LIR-LIVO: A Lightweight,Robust LiDAR/Vision/Inertial Odometry with Illumination-Resilient Deep Features
Shujie Zhou, Zihao Wang, Xinye Dai, Weiwei Song, Shengfeng Gu
TL;DR
LIR-LIVO addresses the challenge of robust, real-time odometry in environments with degraded LiDAR and illumination by fusing LiDAR depth with illumination-resilient visual features in a lightweight LiDAR–inertial–visual pipeline. The method introduces sweep recombination for temporal alignment, depth association to directly obtain visual feature depths from LiDAR data, and a shallow visual frontend using SuperPoint and LightGlue, all integrated via an INS-based EKF with a two-stage measurement update. Key contributions include uniform depth distribution for feature points, a depth-augmented visual optimization that avoids full visual landmark maps, and a compact, open-source implementation that achieves SOTA accuracy on NTU-VIRAL and Hilti'22 with low computational cost. The results demonstrate improved robustness to illumination changes and motion, enabling reliable pose estimation in challenging indoor and degraded scenarios, with practical impact for robotics on resource-constrained platforms.
Abstract
In this paper, we propose LIR-LIVO, a lightweight and robust LiDAR-inertial-visual odometry system designed for challenging illumination and degraded environments. The proposed method leverages deep learning-based illumination-resilient features and LiDAR-Inertial-Visual Odometry (LIVO).
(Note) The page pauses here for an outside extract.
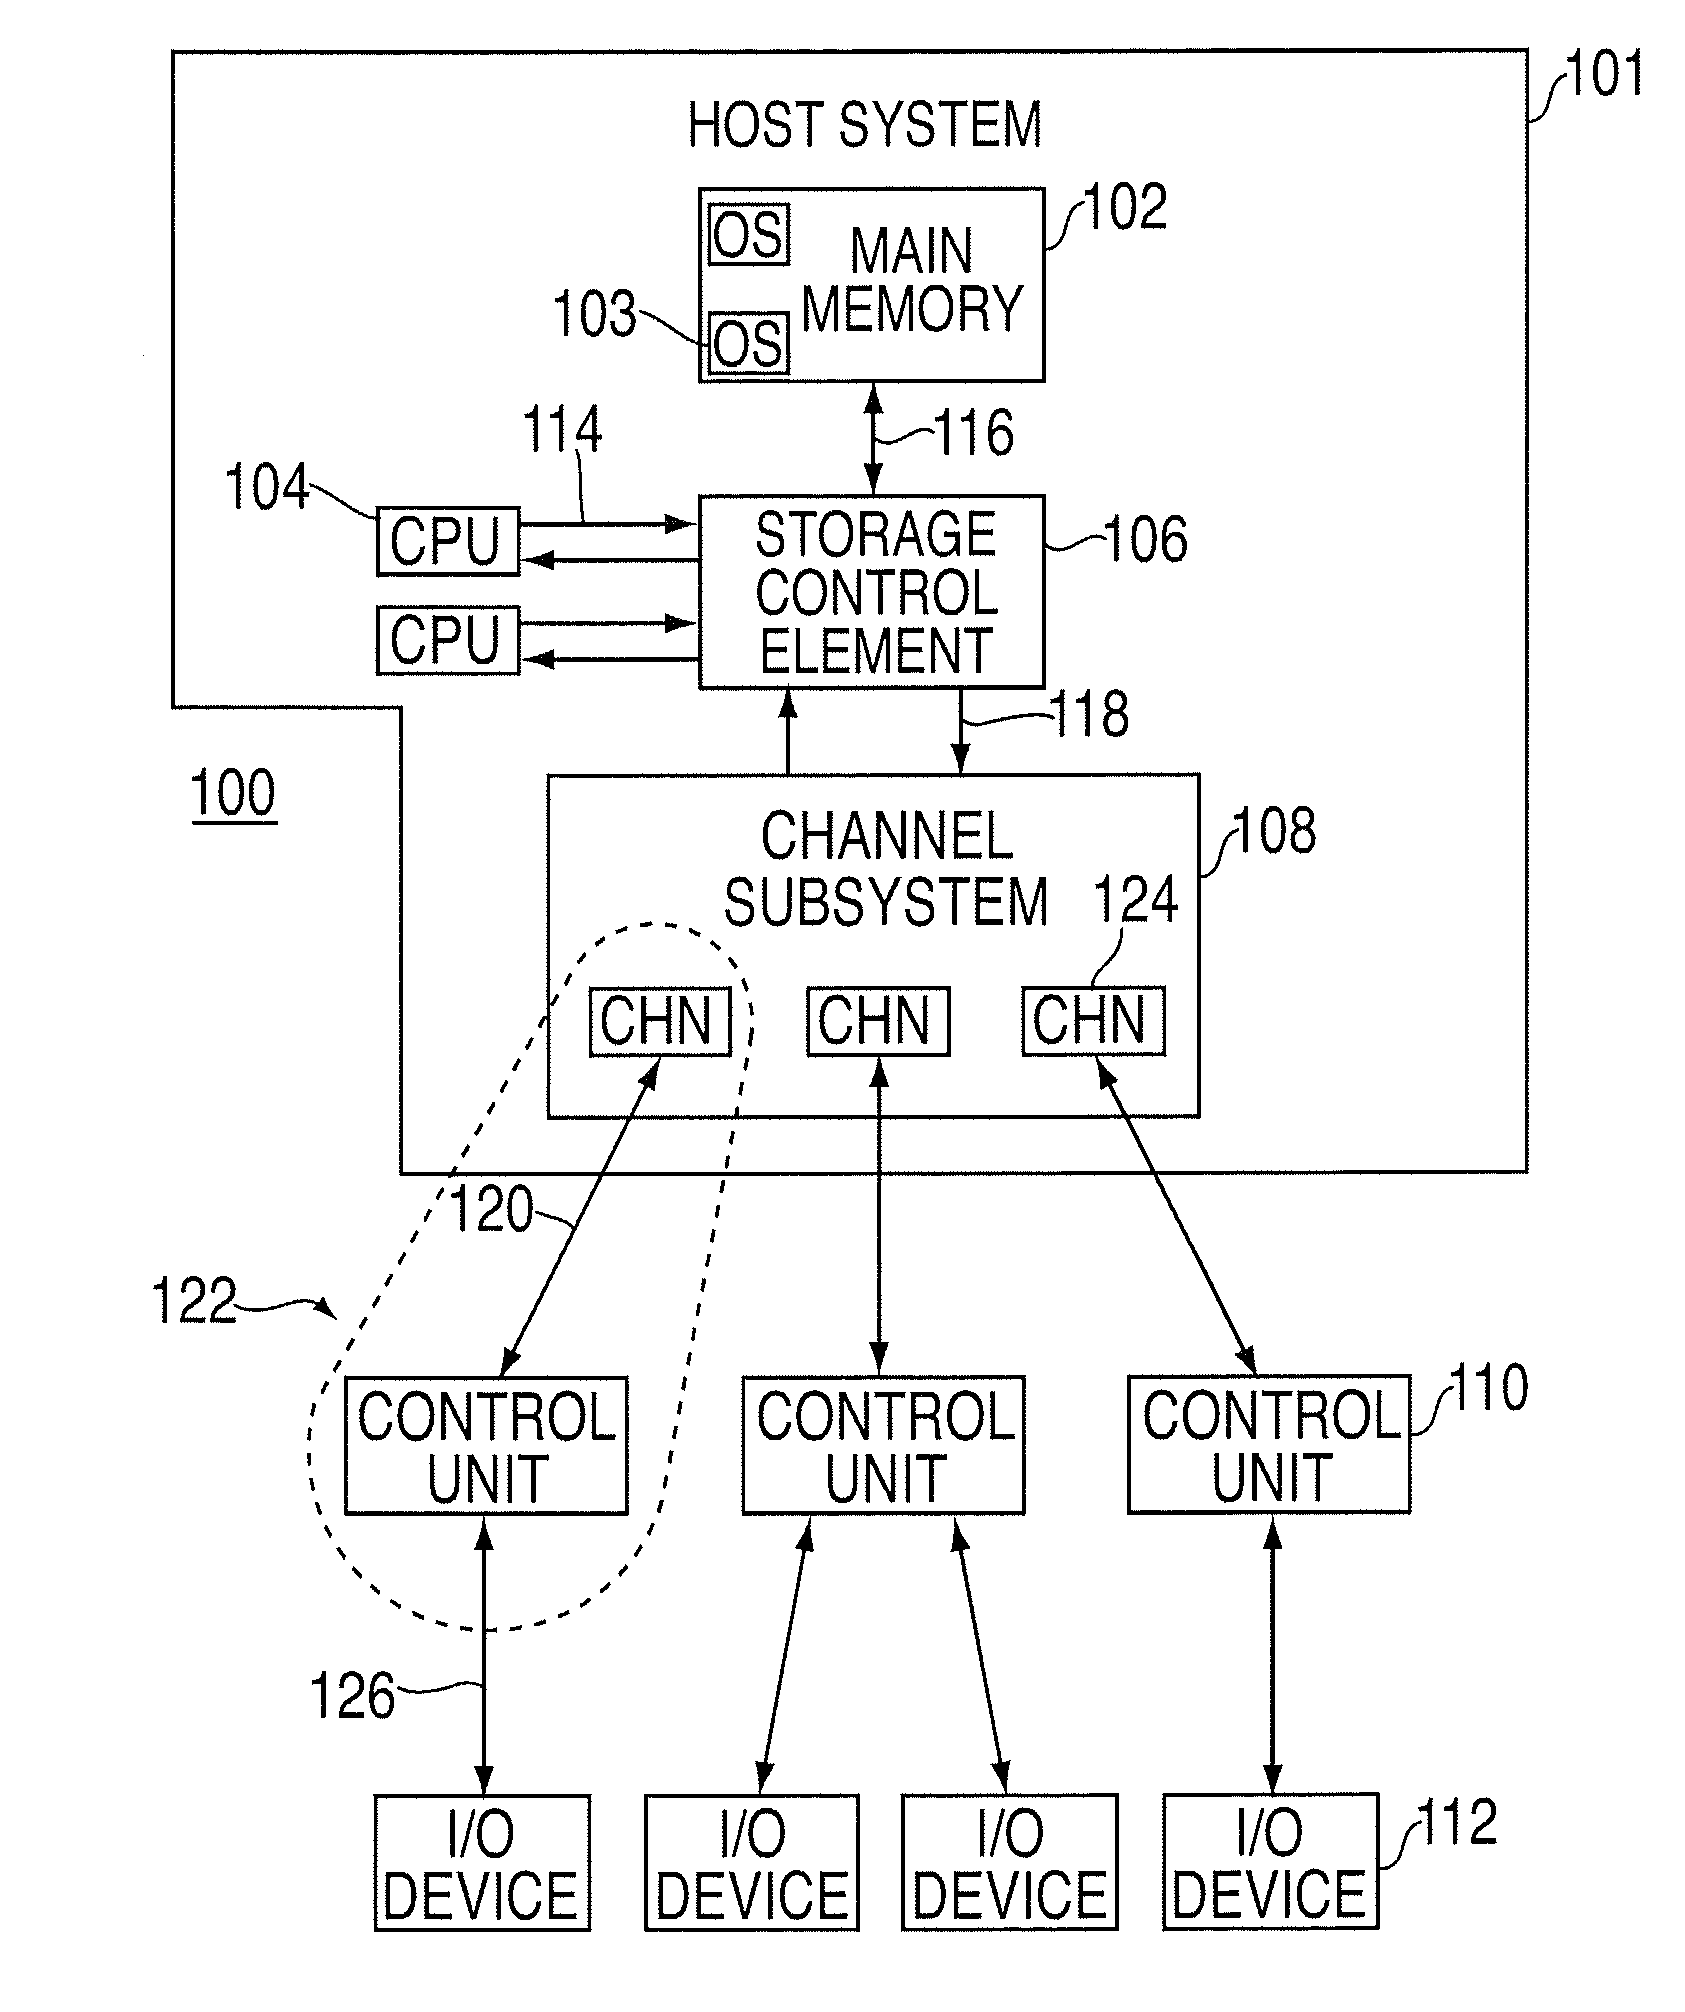 Processing communication data in a ships passing condition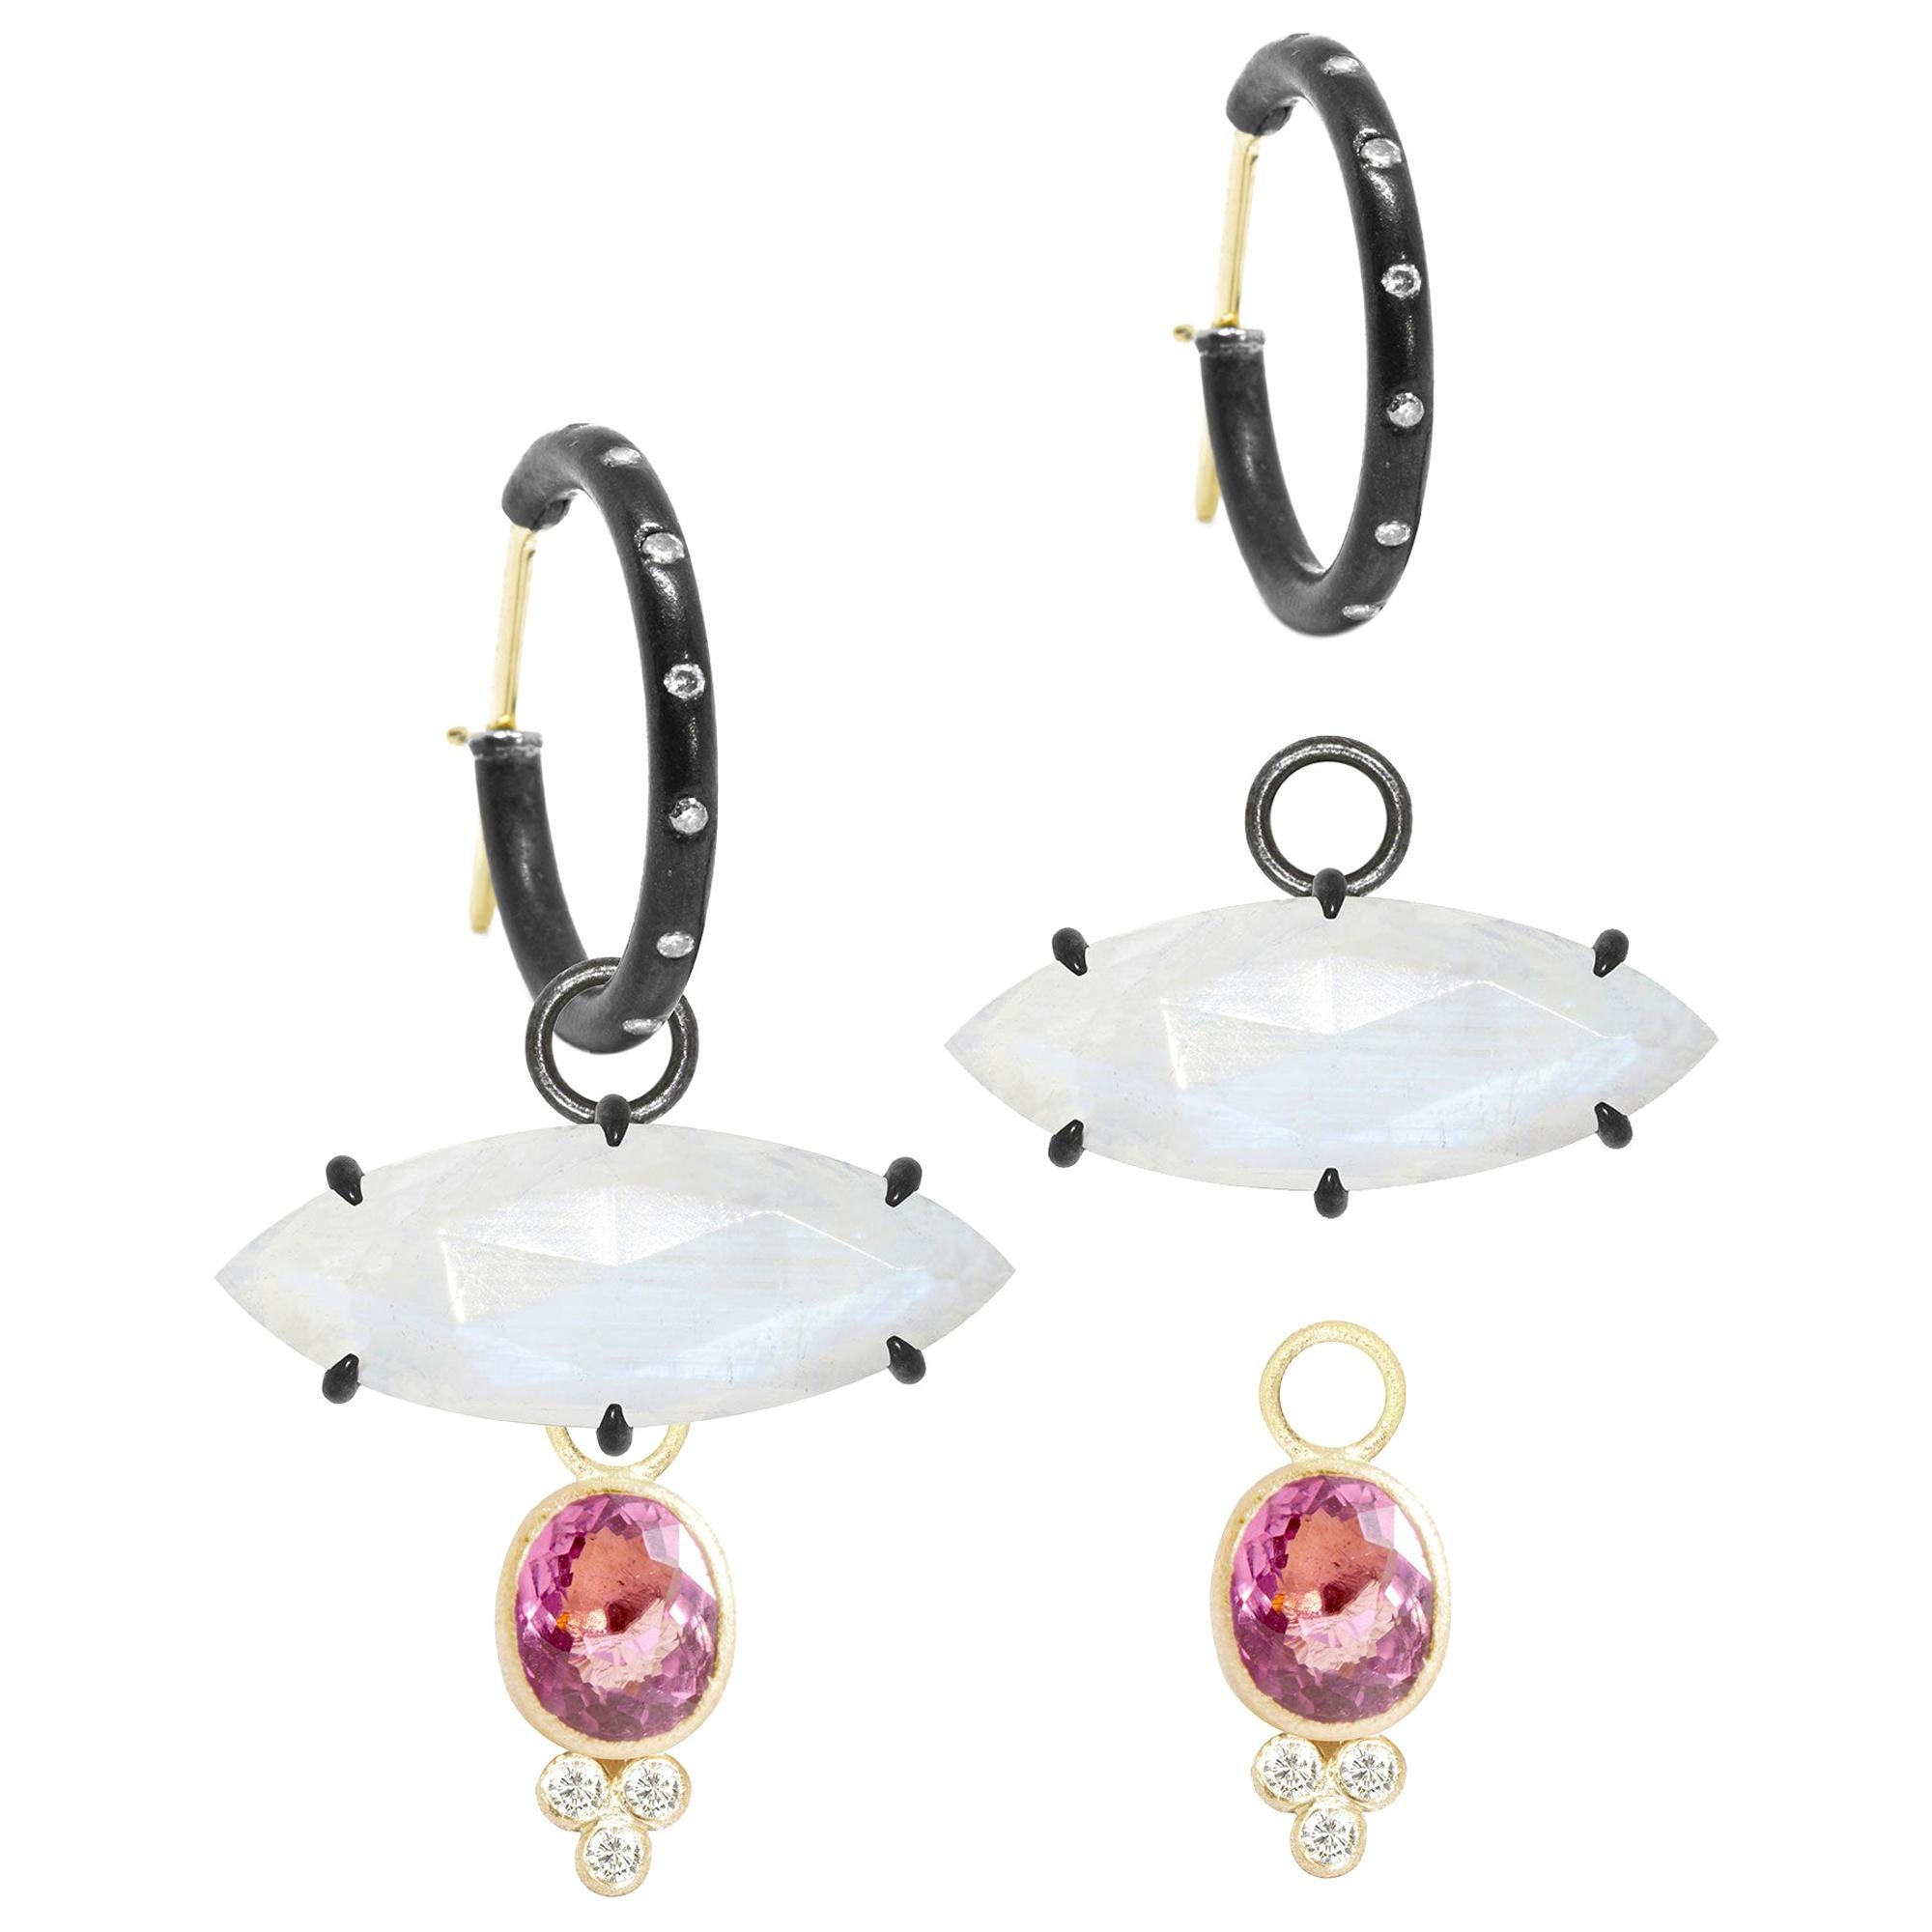 Boucles d'oreilles Mekong Med Moonstone Oxidized and Lilly Pink Tourmaline en or 18 carats

By incorporating advanced techniques such as uniform depth distribution of features enabled by depth association with LiDAR point clouds and adaptive feature matching utilizing Superpoint and LightGlue, LIR-LIVO achieves state-of-the-art (SOTA) accuracy and robustness with low computational cost. Experiments are conducted on benchmark datasets, including NTU-VIRAL, Hilti'22, and R3LIVE-Dataset. The corresponding results demonstrate that our proposed method outperforms other SOTA methods on both standard and challenging datasets. Particularly, the proposed method demonstrates robust pose estimation under poor ambient lighting conditions in the Hilti'22 dataset. The code of this work is publicly accessible on GitHub to facilitate advancements in the robotics community.